You know that couple who has the joint Costco card, the color-coded Google Calendar, the same takeout order every Friday… and the creeping fear that the spark left sometime around the second kid and the third streaming service?
The relationship is not toxic. Nobody is cheating. You still like each other. But the vibe has quietly shifted from “I cannot wait to see you” to “Did you remember to pay the electric bill?” That flatness feels scary, so your brain whispers: maybe we are falling out of love.
When Your Stable Relationship Starts To Feel A Little Flat
Psychologists will tell you that what you are feeling is often not the death of love, but the side effect of something you actually worked hard to build: stability. Early on, your nervous system runs on novelty and dopamine. You stay up until two a.m. talking, try new restaurants, invent pet names. Then you move in, juggle careers, maybe kids, maybe aging parents. Life becomes predictable.
Your Brain Was Not Built For A Permanent Honeymoon
A 2025 review in Neuroscience & Biobehavioral Reviews shows that as relationships settle, the brain leans less on the thrill-seeking dopamine system and more on the attachment-and-oxytocin system. Translation: secure love feels calmer and quieter. Psychologist Mark Travers likes to remind people that what many label “no more chemistry” is sometimes just their nervous system finally relaxing. “What some people read as a lack of spark is really the absence of anxiety,” Travers says.
The Number One Thing That Keeps Love Alive, According To A Psychologist
Once you have that basic safety, Travers argues in Forbes, the number one thing that keeps love alive is novelty. Not drama. Not constant fireworks. Novelty – defined as doing new or emotionally fresh things together – stops a secure relationship from sliding into emotional autopilot.
What Novelty Actually Means In Love
A classic 1986 paper in The Journal of Genetic Psychology breaks novelty into three dimensions: recency, frequency and probability.

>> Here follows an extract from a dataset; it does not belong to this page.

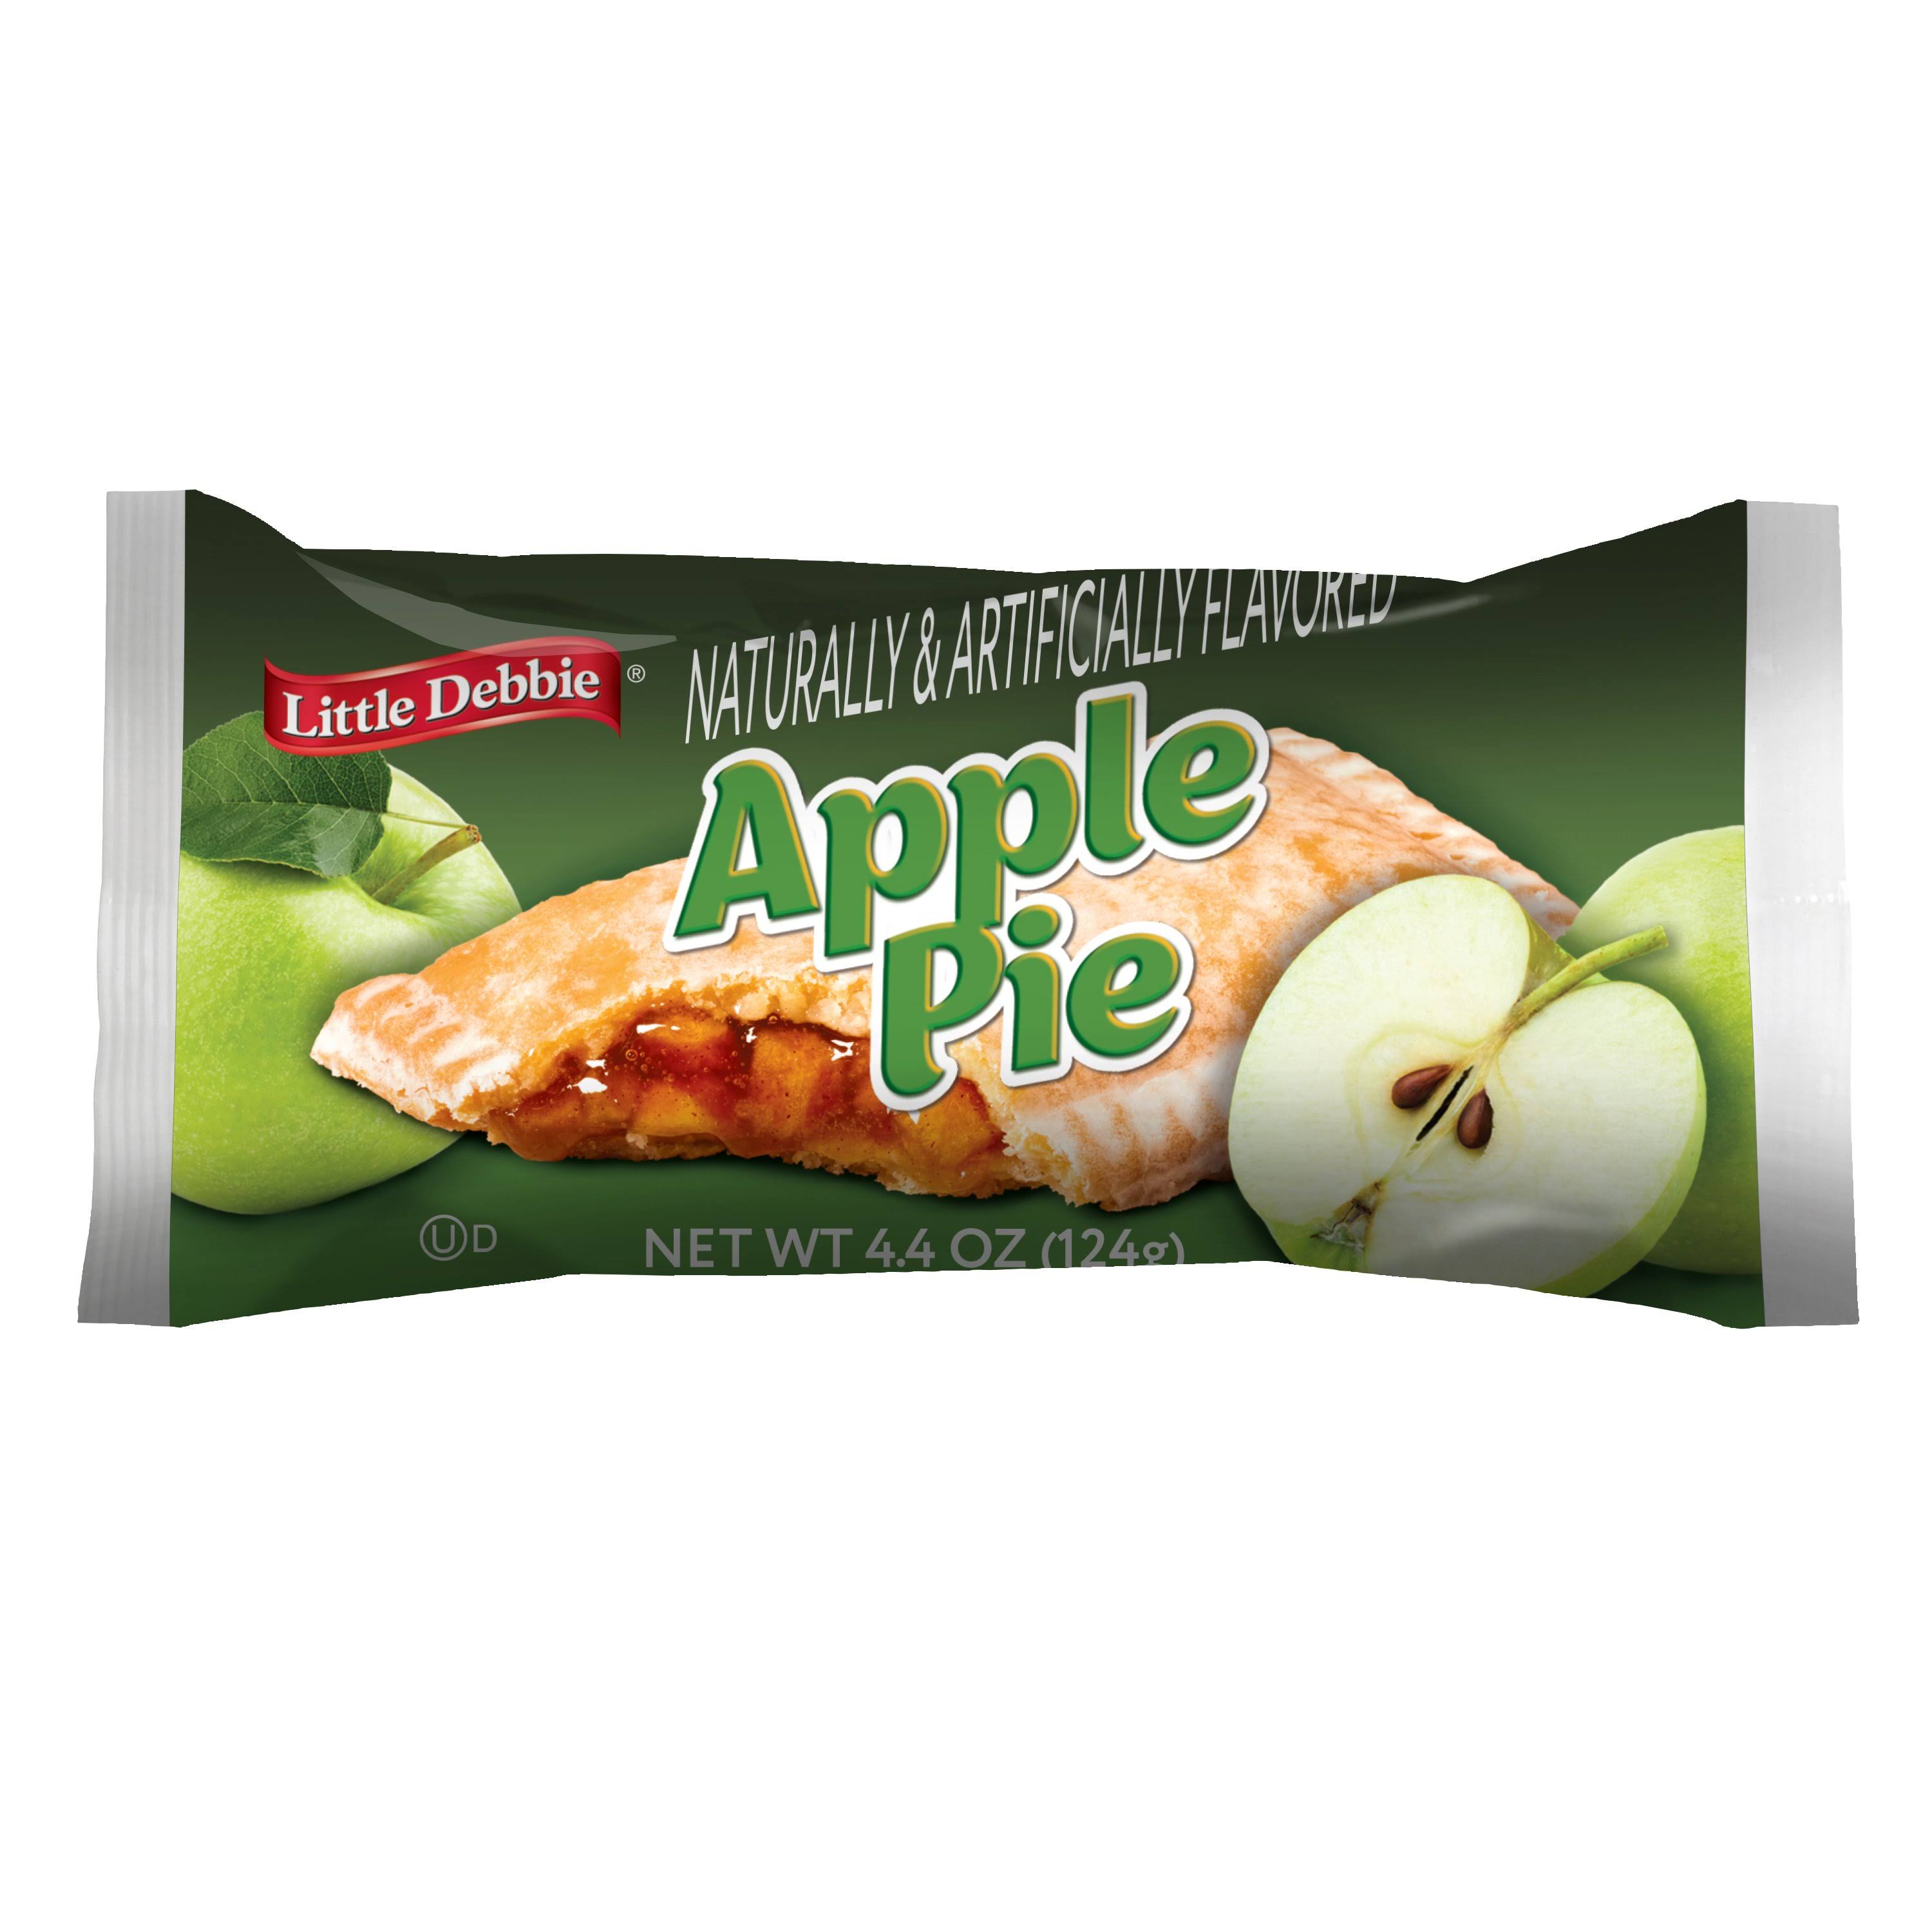 Little Debbie - Apple Pie, 4.4 oz.

Recency is how long it has been since you did something. Maybe you used to take random Sunday drives when you started dating and have not done one in years. Do it again and it feels new, purely because of the gap. Frequency is about repetition. Even great rituals get dull if you repeat them every week; occasionally swapping pizza night for a picnic can reset your attention.
Probability is how expected something is. Walking in after a brutal week to find your partner planned a living-room picnic or booked a pottery class for you both feels memorable because you did not see it coming. You are not chasing chaos; you are interrupting predictability just enough that you have to look at each other again.
Why New Experiences Make You Feel Closer And Safer
A 2020 study in the Journal of Experimental Social Psychology found that couples who did novel activities together were more satisfied – not only because they had fun, but because they felt more secure and trusting. Picture two people in a beginner dance class, stepping on each other’s sneakers, laughing, getting embarrassed, trying again. From the outside, cute content. On the inside, something deeper is happening: each partner is learning how the other behaves under uncertainty. Patient or critical. Playful or rigid. That information makes the relationship feel safer in future unknowns.
Security First: Novelty Needs Solid Ground
Of course, if your bond is anxious or unstable, “spicing things up” can backfire. Psychologist Jeffrey Bernstein writes in Psychology Today about couples stuck in a reassurance loop, the constant “Are you mad at me?” after every delayed text or sigh. “These questions give a quick hit of relief, then train the brain to need more and more reassurance,” Bernstein says.
The DMV Test And Other Quiet Signs Of Real Safety
Travers uses what the internet calls the “DMV test”: if you can sit together for two hours at the Department of Motor Vehicles, or in a pediatrician’s waiting room, and still basically like each other, that is a green flag. Boredom without panic is emotional security. A 2018 study in Genus also found that people in the most satisfying relationships kept other important ties – friends, hobbies, family – instead of demanding that a partner be therapist, best friend and entire social life in one. That interdependence, not fusion, gives you the bandwidth to enjoy novelty instead of clinging to it.
Low Lift Ways To Add Novelty Without Blowing Your Budget
Good news: research says you do not need a two-week Bali reset. You need small, shared experiments that wake you both up a little.
- Learn Something New Together. A cheap salsa class, a YouTube woodworking project, a language app on the couch. The point is learning, not perfection.
- Change One Tiny Routine. Have breakfast on the floor with a blanket, switch who plans Friday night, walk a new route after dinner instead of defaulting to the sofa.
- Explore A Nearby Place. A neighborhood you have never really walked, a small-town diner an hour away, a free museum. New scenery sparks new conversation.
- Ask New Questions, Not New Proofs Of Love. Swap “Are you still into me?” for “What have you been curious about lately?” or “What do you want more of this year that I might not have noticed?”
You do not have to become a different couple. You simply have to keep discovering each other, a little on purpose, long after the honeymoon photos are archived in the cloud.